Laura me ha escrito la siguiente carta que no resisto el deseo de hacerla conocer de mis lectores:

“Leí por accidente, pero con especialísimo deleite, su columna titulada Periodismo cultural. Me llamo Laura García. Tengo 23 años. Nací y viví en Colombia hasta los 17 años, y desde hace 6 vivo en Santiago de Chile y actualmente en Buenos Aires, donde estudio Licenciatura en Letras en la Universidad de Buenos Aires. Desde los siete años escribo y leo con pasión, y desde esa misma edad vengo peleando, en una batalla decepcionante, con la falta de cultura en el periodismo y posteriormente en internet. Cuando empecé a leer diarios ya eran los años 90, y el periodismo empezaba a entrar en decadencia cultural.

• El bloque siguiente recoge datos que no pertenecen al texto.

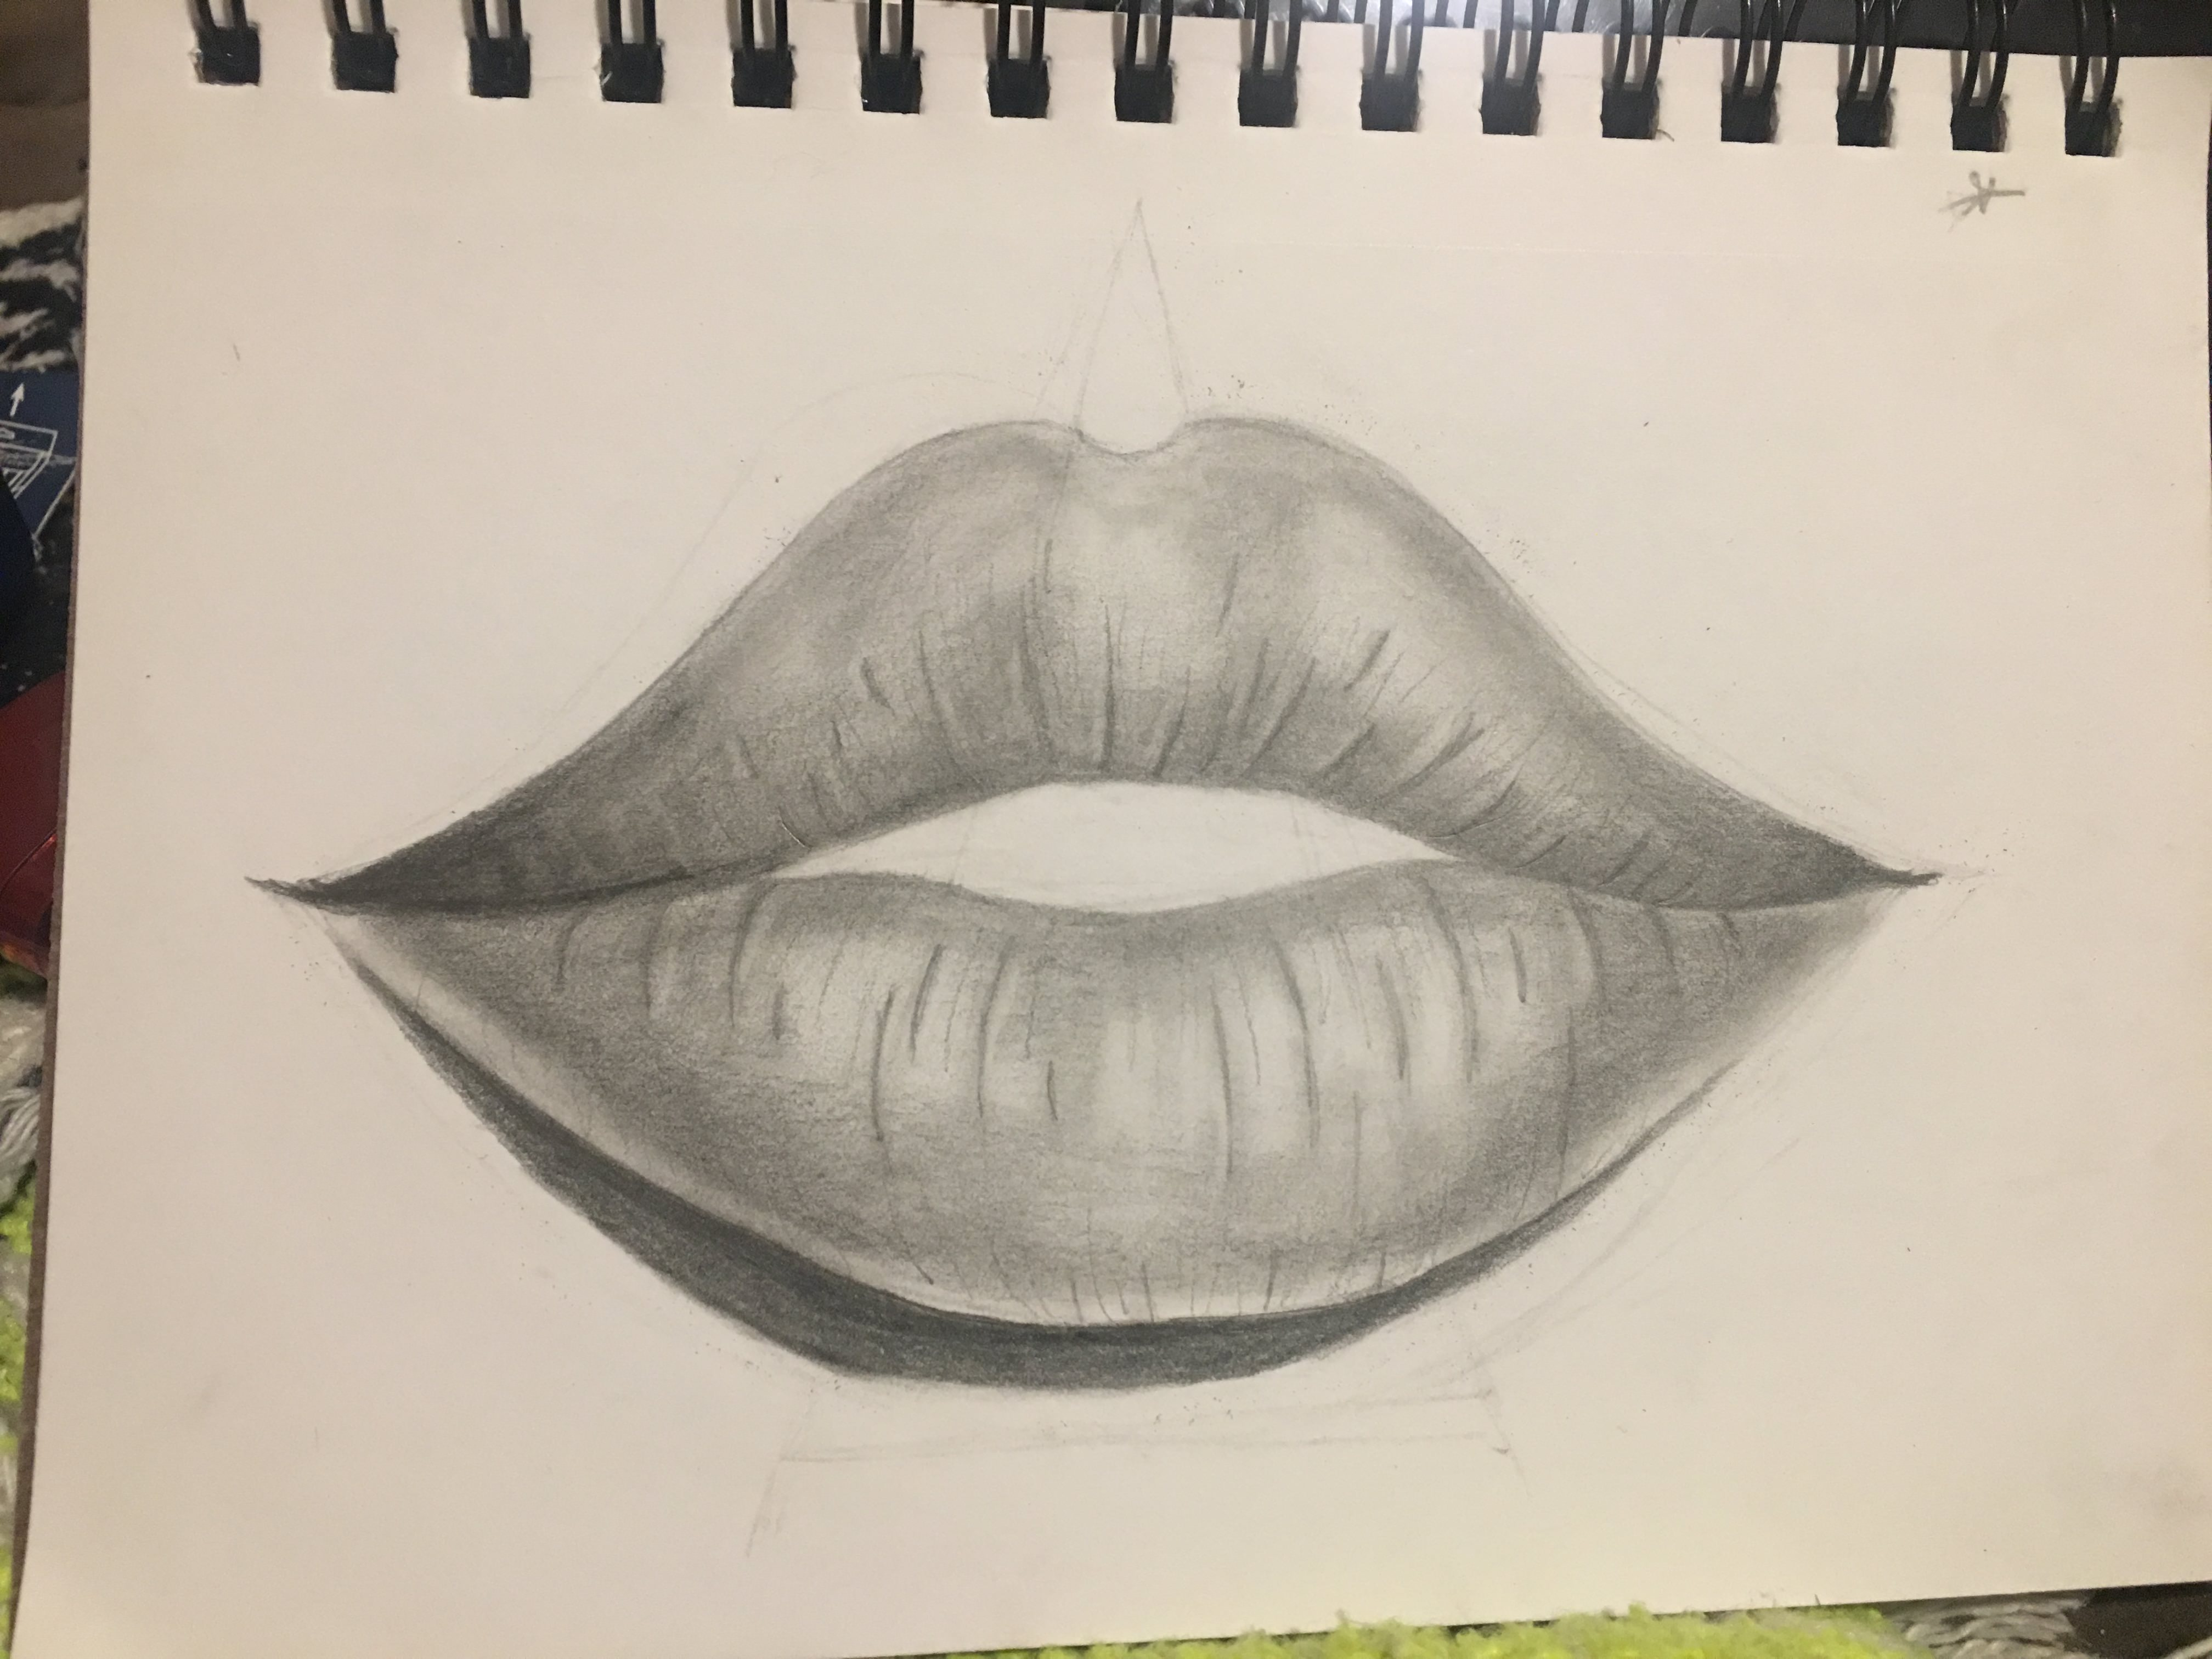 4032x3024 Full Lips

“Si tuviera que hacer un Periodismo Cultural 2, yo diría que habría que tocar el tema, indiscutidamente, de los poquísimos jóvenes que peleamos por un uso correcto del idioma español y más allá de eso, por la demostración de educación mínima básica a la hora de escribir. No solamente las secciones de comentarios. ¡Y no solamente en Colombia!

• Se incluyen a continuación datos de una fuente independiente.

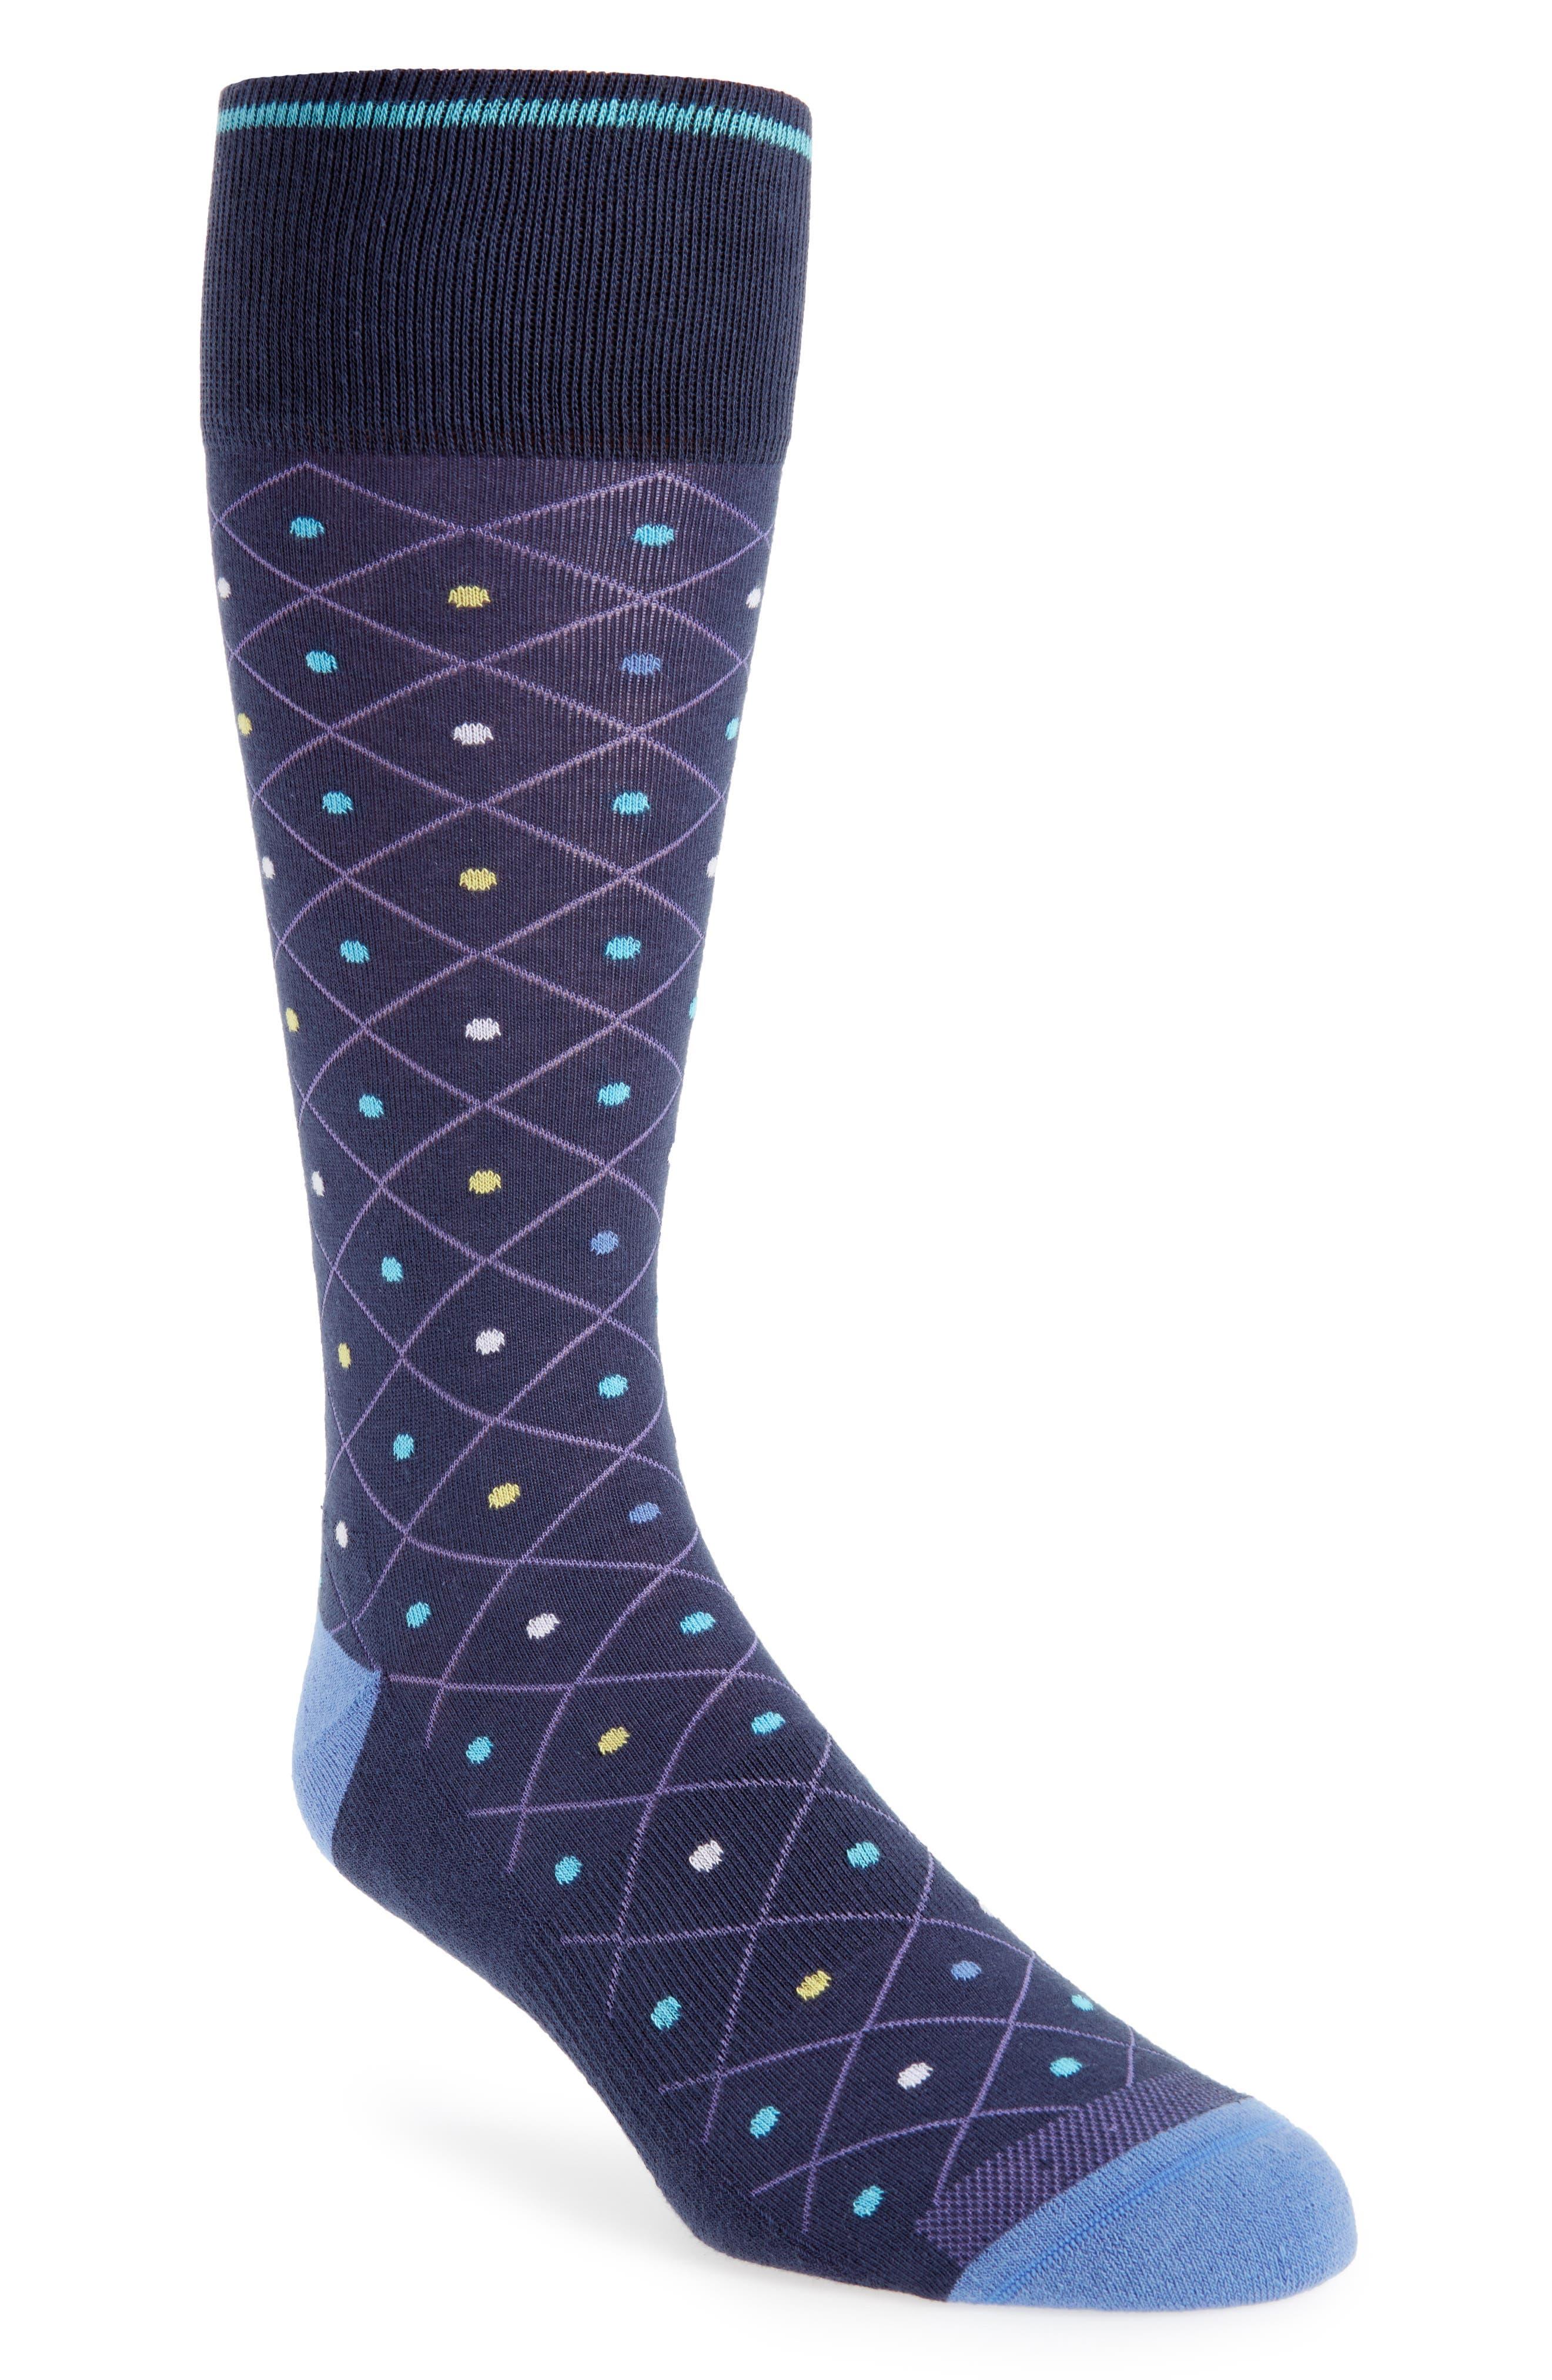 Pointed Grid Socks,                             Main thumbnail 1, color,                             410

“Yo he tenido que soportar en Chile la corrección  de los exámenes de chicos que escriben como hablan: peor que en Colombia. Acá en Buenos Aires se respira un poco más de interés en la cultura, pero el periodismo televisivo es lamentable, al igual que ciertos medios escritos. ¿Qué nos pasa? Es un mal latinoamericano. Su columna me sorprendió en un momento de mucha elaboración de este tema, de la relación periodismo-cultura, de la relación literatura-cultura, inclusive y sobre todo, el desagradable papel que me achacan muchos –y los justifico– por ser joven y relacionarme directamente con ese mundo de incultura.

“Se lo digo, además, desde la posición de alguien que trabaja como correctora de estilo, desde la posición de una lectora inquieta, no  sé si exigente, aunque puedo serlo, pero digamos que inquieta. ¡Qué molestia es leer diariamente la incultura! Yo me pregunto y comparto con usted esta pregunta, ya que elaboró tan bien este tema en su columna: ¿Por qué nos vemos obligados a escarbar y raspar hasta encontrar un poquito de cultura en lo que leemos, en lo que la gente habla, en lo que la gente escribe? Es cierto que internet ha masificado y «democratizado» el uso de la palabra, y esta se convirtió en objeto que cualquiera toma y desgasta y asesina sin compasión.

“Para mí la palabra es herramienta, material de arte, de creación artística, de cultura. A veces –y lo digo con toda la carga social, cultural y política que me puede acarrear el sólo hecho de pensarlo– creo que es necesaria la dictadura de la educación. Un gusto haber leído esta columna, en el momento preciso y con un tema que debería discutirse mucho más todavía. Si puede y tiene un tiempo, lo invito a visitar mi blog literario: www.blogarcolibris.wordpress.com». Laura García, Buenos Aires.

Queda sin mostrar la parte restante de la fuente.